Entonces ocurrió. El domingo, después de toda una tarde mirándolo de lejos, el tipo se acercó y nos preguntó si lo estábamos siguiendo. Lo hizo con una voz de gárgara dulce, casi cómplice, y nos tomó tan de sorpresa que apenas pudimos contestar que no éramos ladrones. Ni bien lo dijimos soltó la risa y se sentó con nosotros de cara al río. Tenía ojos brillosos, amables, y una sonrisa de cardenal que parecía traída de alguna de sus películas –aunque no sabíamos cuáles-. El Oreja le dijo que un amigo de su padre también era italiano, de Viterbo, y el Ruso, siempre a flote de cualquier ignorancia, le aseguró sin demasiados detalles que lo admiraba desde chiquito.
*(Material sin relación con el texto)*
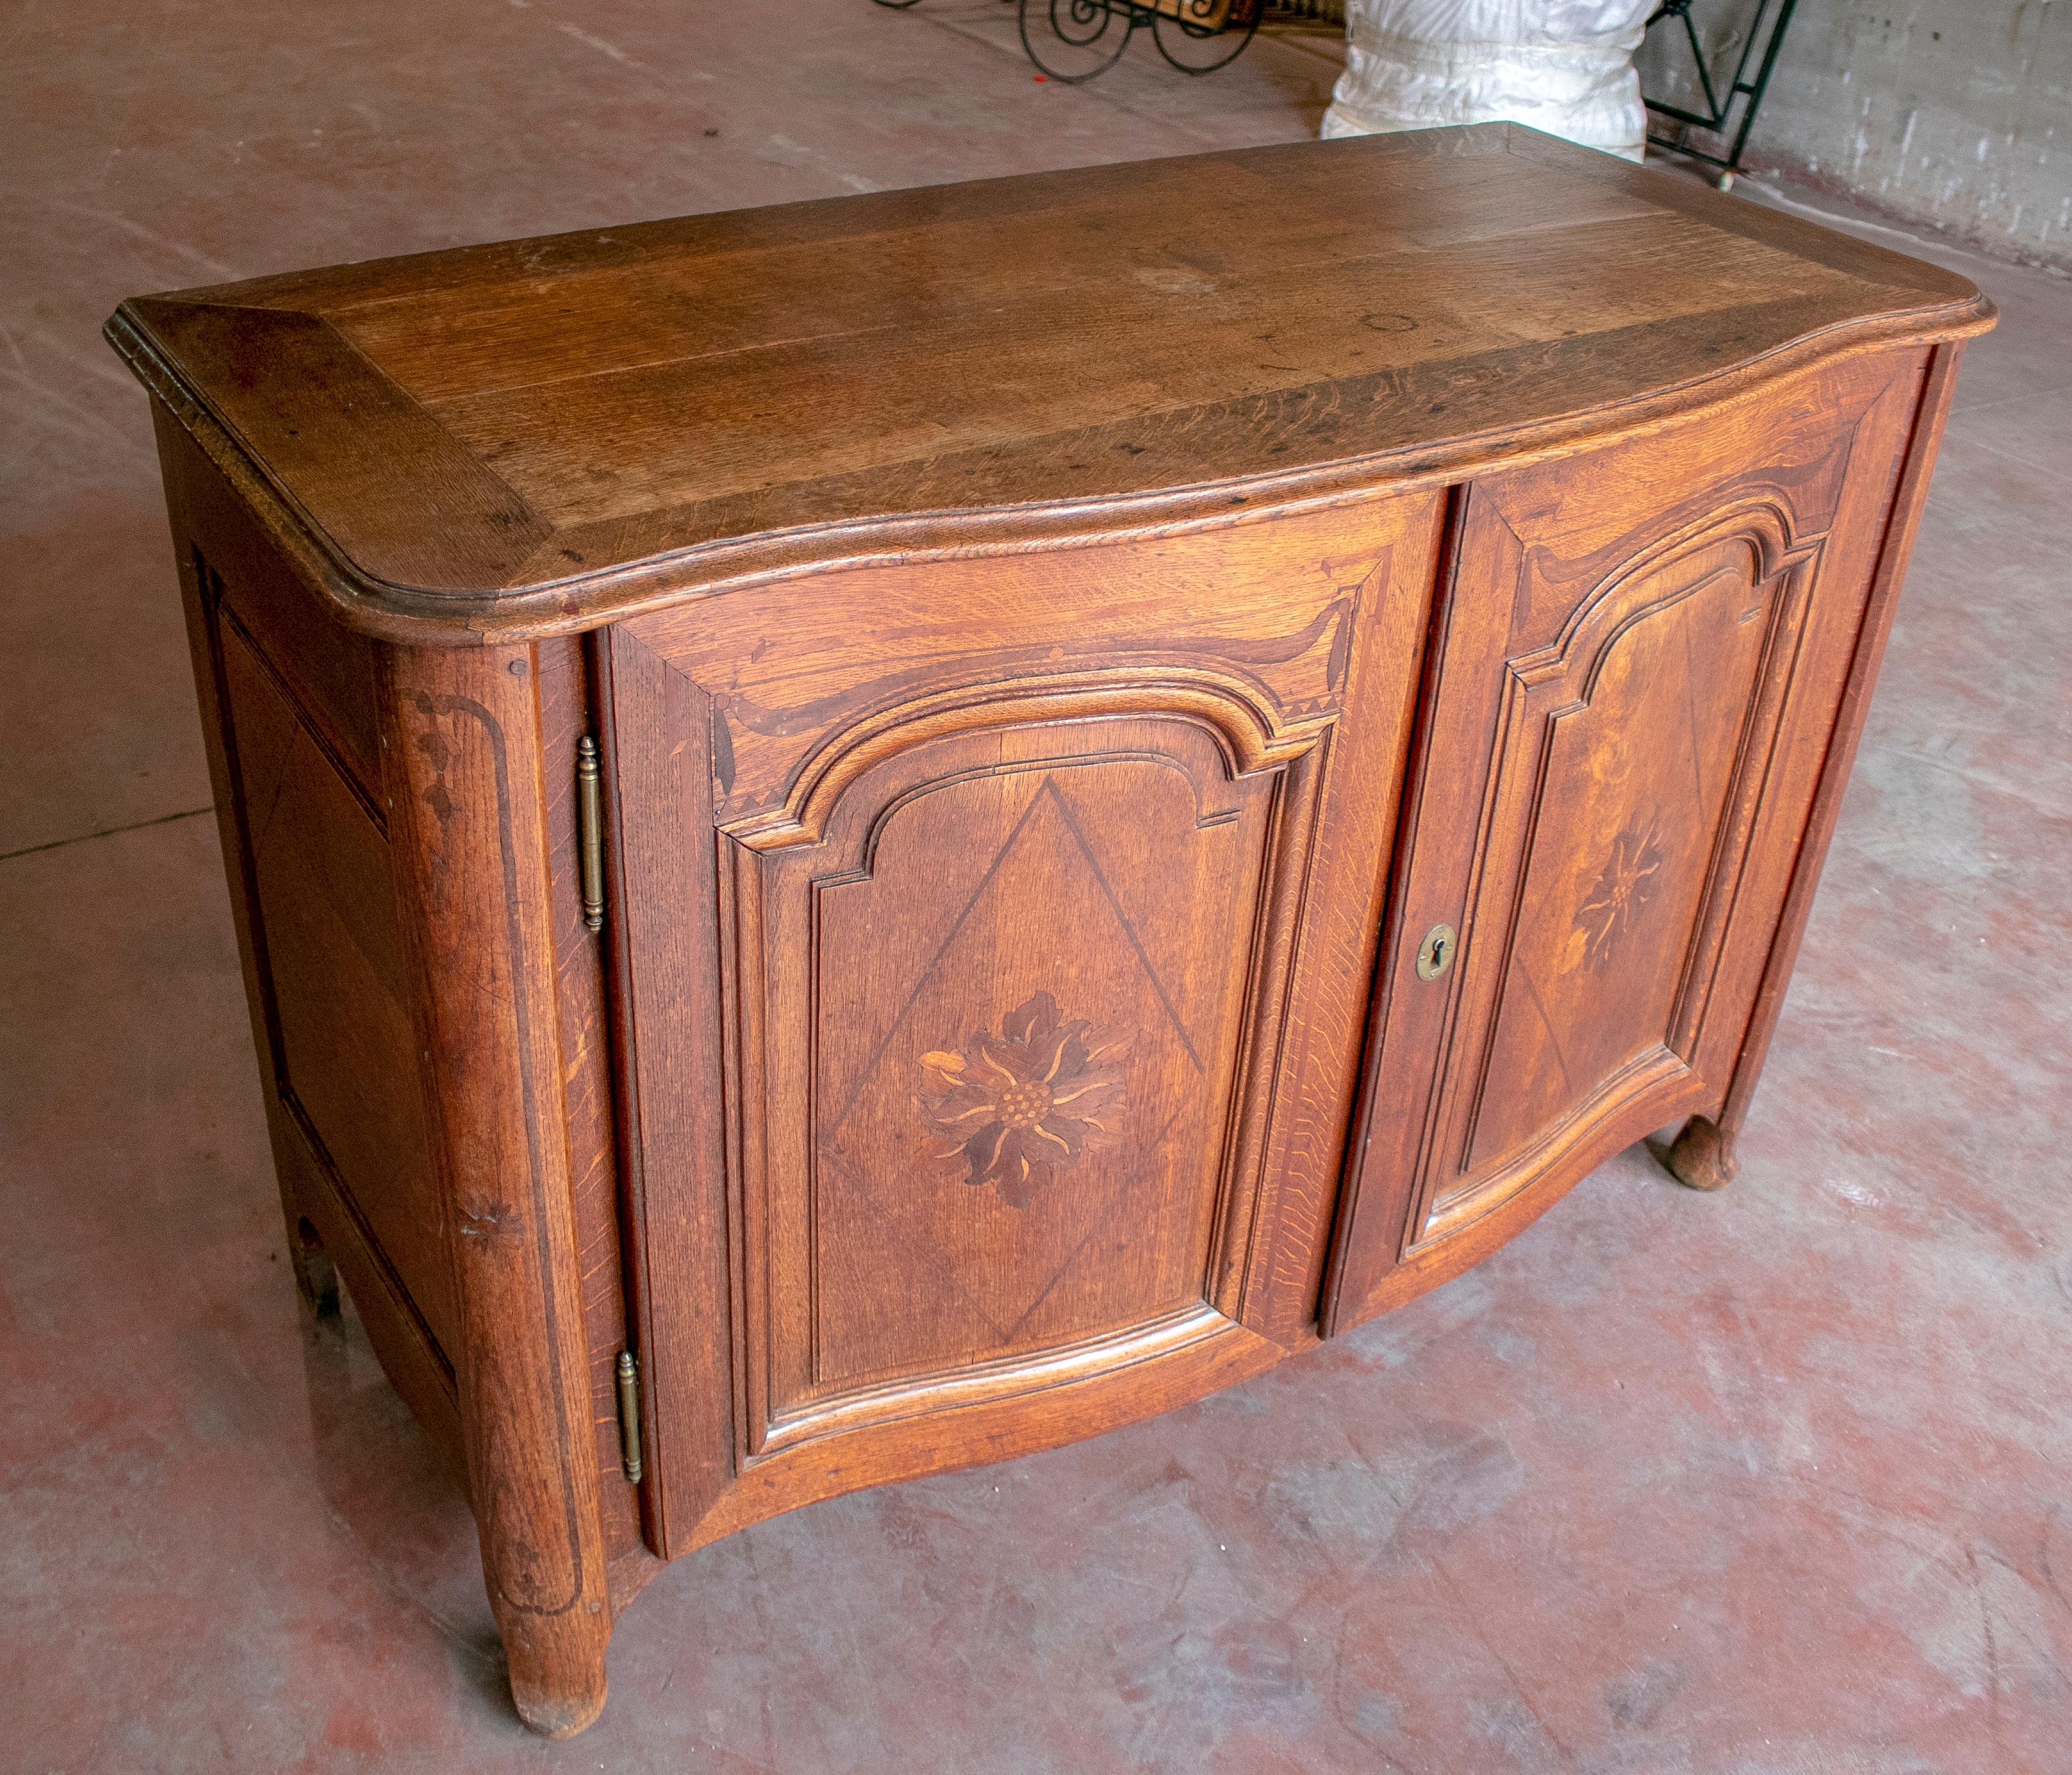 19th century French oak two-door chest with satinwood inlay.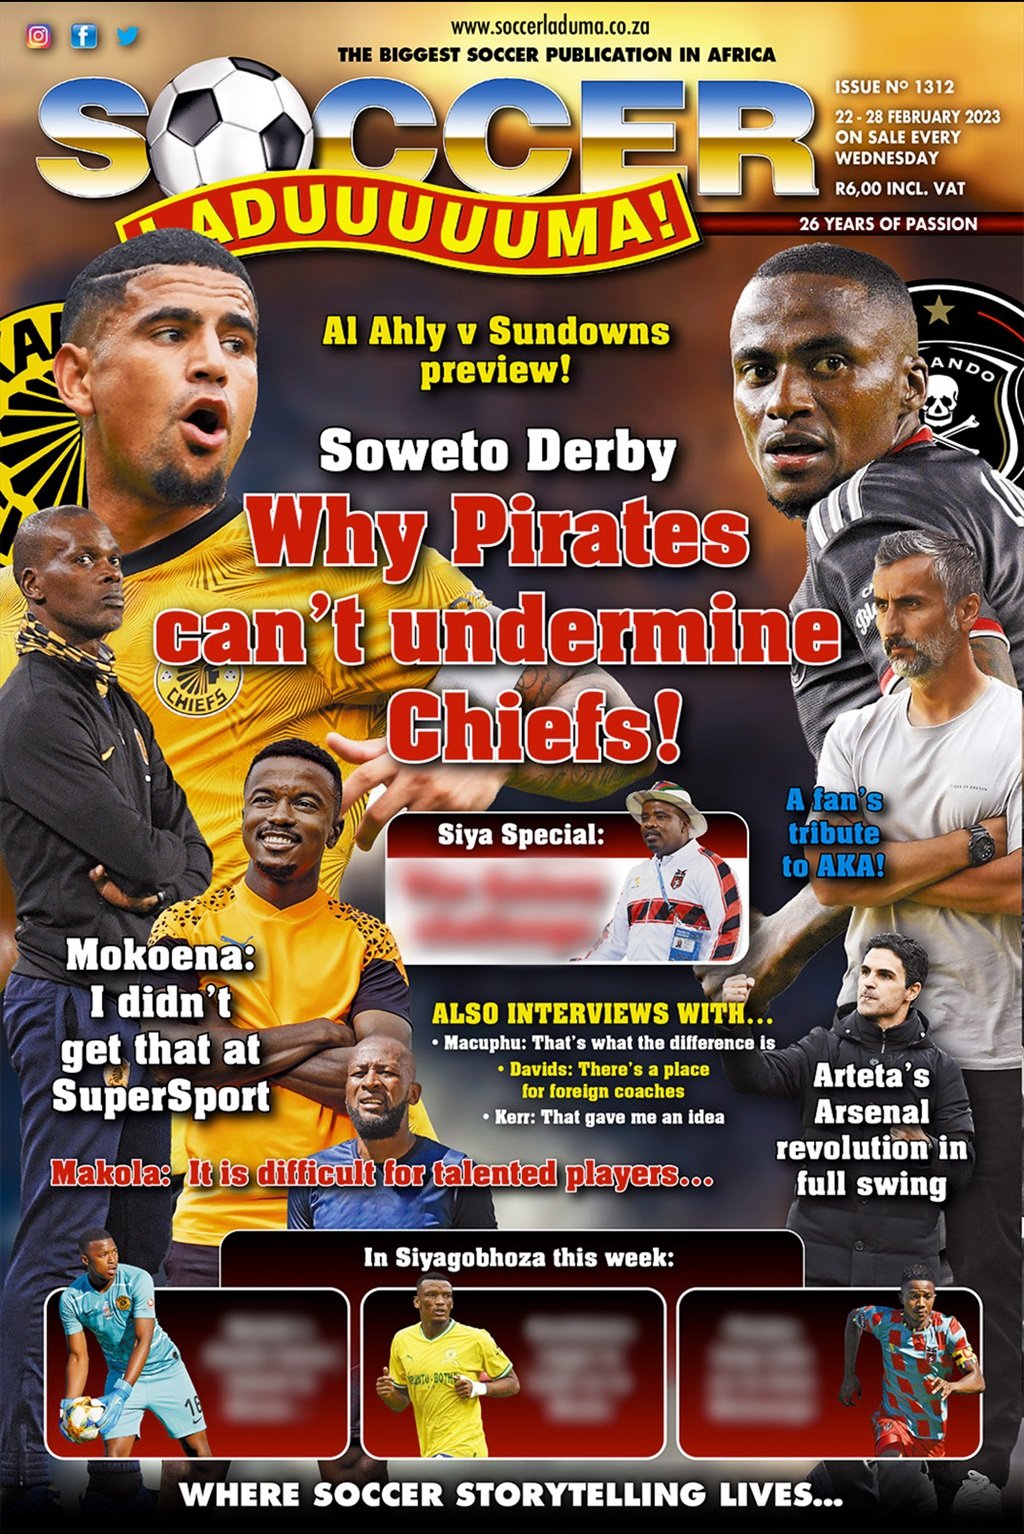 In this week's edition of Soccer Laduma

Estábamos sentados sobre los restos de una explanada de hormigón, cerca del canal que desaguaba en las tres bocas del Río Santiago. El tipo sonreía y hablaba de él como si no tuviera importancia; nos preguntaba sobre nosotros, se abanicaba con el sombrero y cada tanto, sin dejar de sonreír, pensaba una frase en italiano y la soltaba al aire sin traducción.
Nos contó que le gustaba el tango, que amaba la pesca y los barquitos encerrados en botella, y que en la película que estaba filmando, allá en Colonia, tenía que cantar junto a otros actores una canción llamada Caminito.
-¿Conocen Caminito? –preguntó con algo de pena y curiosidad.
Con mis amigos nos miramos y negamos con la cabeza. Sólo el Ruso dijo que alguna vez lo había escuchado, pero que no se lo acordaba. El tipo sonrió y se levantó con algo de esfuerzo. Parecía agitado.
-¿Puedo cantarlo?
Lo estudiamos como una rareza y creo que hasta llegamos a pensar que estaba medio borracho. Dejamos que cantara ese tango y entonara otros que se le venían a la memoria una y otra vez. Luego, recitó parte de su guión y nos dedicó cada frase como si fuésemos los últimos espectadores del planeta. Parecía contento, y al terminar se acomodó el panamá y se despidió con una frase que no llegamos a entender:
-La cosa pericolosa della curva, cari ragazzi, è che potrebbe non tornare indietro.
Algunos días después, al regresar a mi casa, me enteré por la televisión que la escena que se había filmado en Berisso era parte de la película De eso no se habla, y que el tipo con el que habíamos estado toda una tarde se llamaba Marcello Mastroianni e interpretaba en aquel film a un caballero europeo que se enamoraba de una enana. En esa historia, supe después, la enana se iba con el circo y abandonaba a Mastroianni para siempre.
Por supuesto que nadie me creyó nunca esta historia. Y es justo. Lo pienso a la distancia y la memoria se hace amable pero auténtica: el tipo sin nombre había actuado sólo para nosotros, sin cámaras y sin testigos, y lo había hecho con una entrega absoluta, sabio, bajo un cielo de río y tarareando compases como si hubiéramos sido los cuatro viejos y queridos amigos. Mastroianni nos había cantado un tango. Y nosotros ni siquiera sabíamos la letra.